Scritti Politti didn't always suck, you just can't buy any of their non-sucky records. They were originally a new wave band like everyone else. But, Green had some serious anxiety issues and turned to synthpop in the hopes of hiding in the studio and never having to perform again. This album was what finally broke him. It got to the point where they were programming kick drums in raw time code, he couldn't even form coherent sentences as you can clearly hear, and after it was done he went back to the Welsh countryside for 10 years.

Everyone describes his writing style as essentially wordy and obtuse, but i just hear him as a nonsensical Michael Jackson.
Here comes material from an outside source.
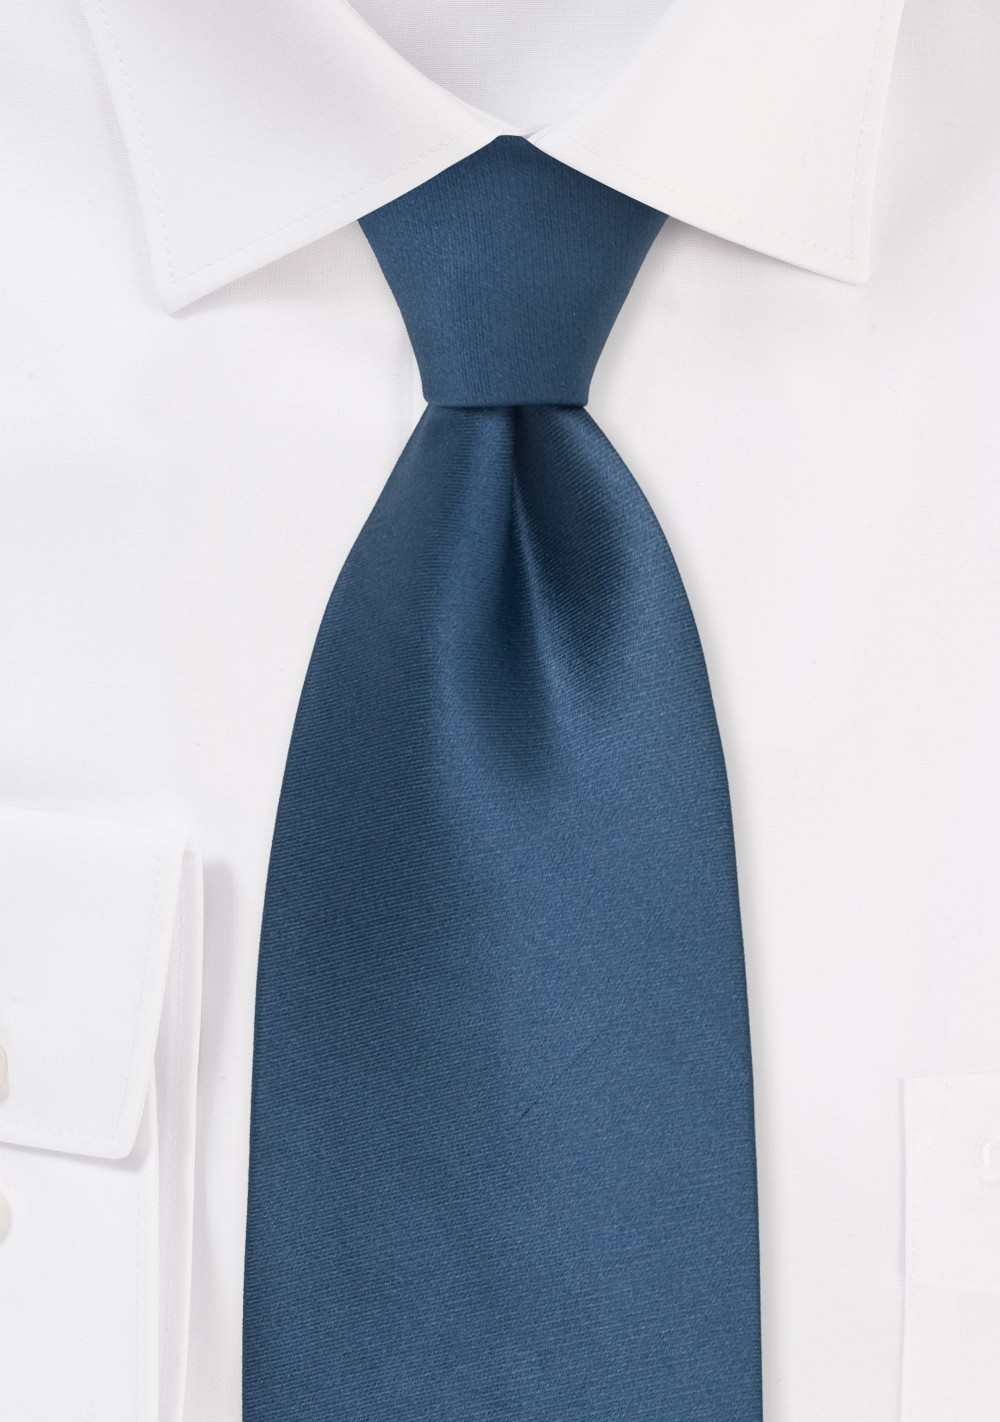 Solid Blue Ties - Necktie in Steel-Blue
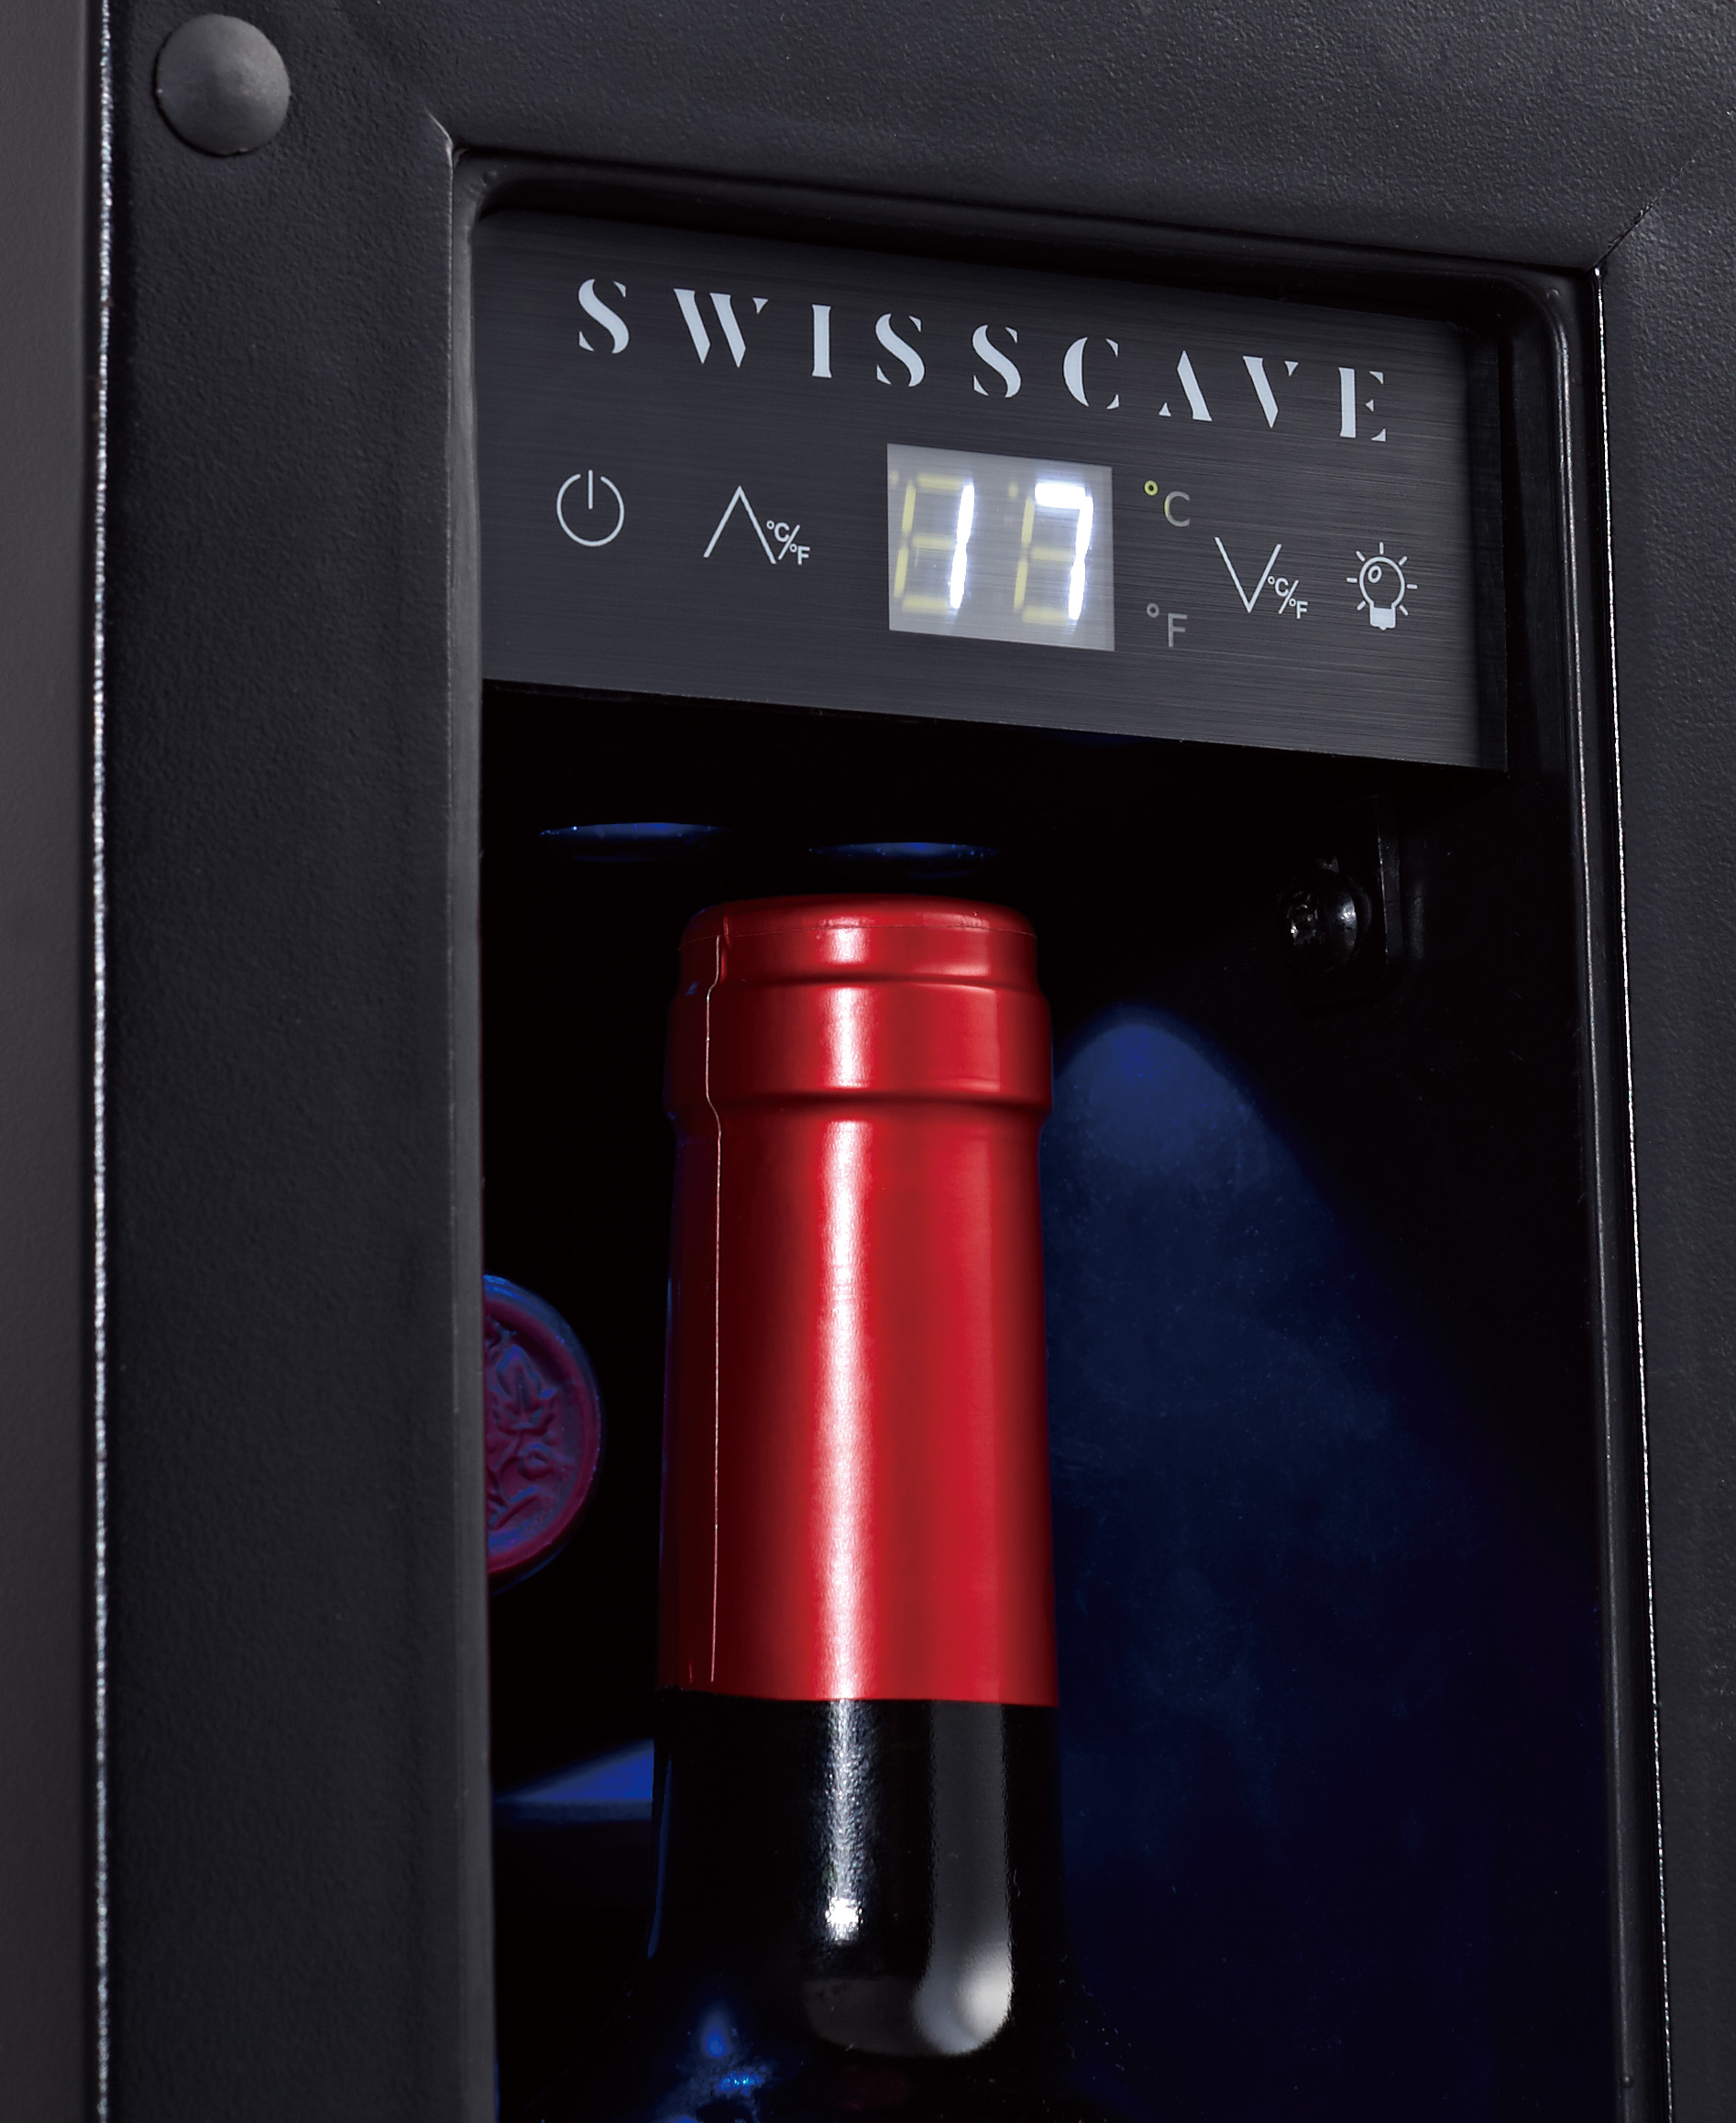 Swisscave WL30F

He puts the emPHAsis on the wrong syLLAble and constructs awkward half thoughts that sound like they are supposed to convey some underlying clever secondary meaning, but most definitely do not.

Musically speaking, one could argue that this is gobbledigook, and no one would disagree. Bleeps and bloops are the hallmark of good synthpop, but this sounds like everyone thought those bass lines were killer and expected everyone to dance. He wanted to make this, and not in the ironic "taking down capitalism from the inside" way you might imagine. SPK gives it that much needed dead inside/last hope of surviving feeling, but this is (and i apologize for using the term because i do not have a more accurate one) retarded.

You should absolutely go listen to this monstrosity and feel free to tell me i'm wrong. But, and i can't stress this enough, don't pretend that it's intelligent because you and i both know that's a fist squeezing a deflated globe, but it contains the lyric "Hot sugar returns to toy town" in a song subtitled Lovesick.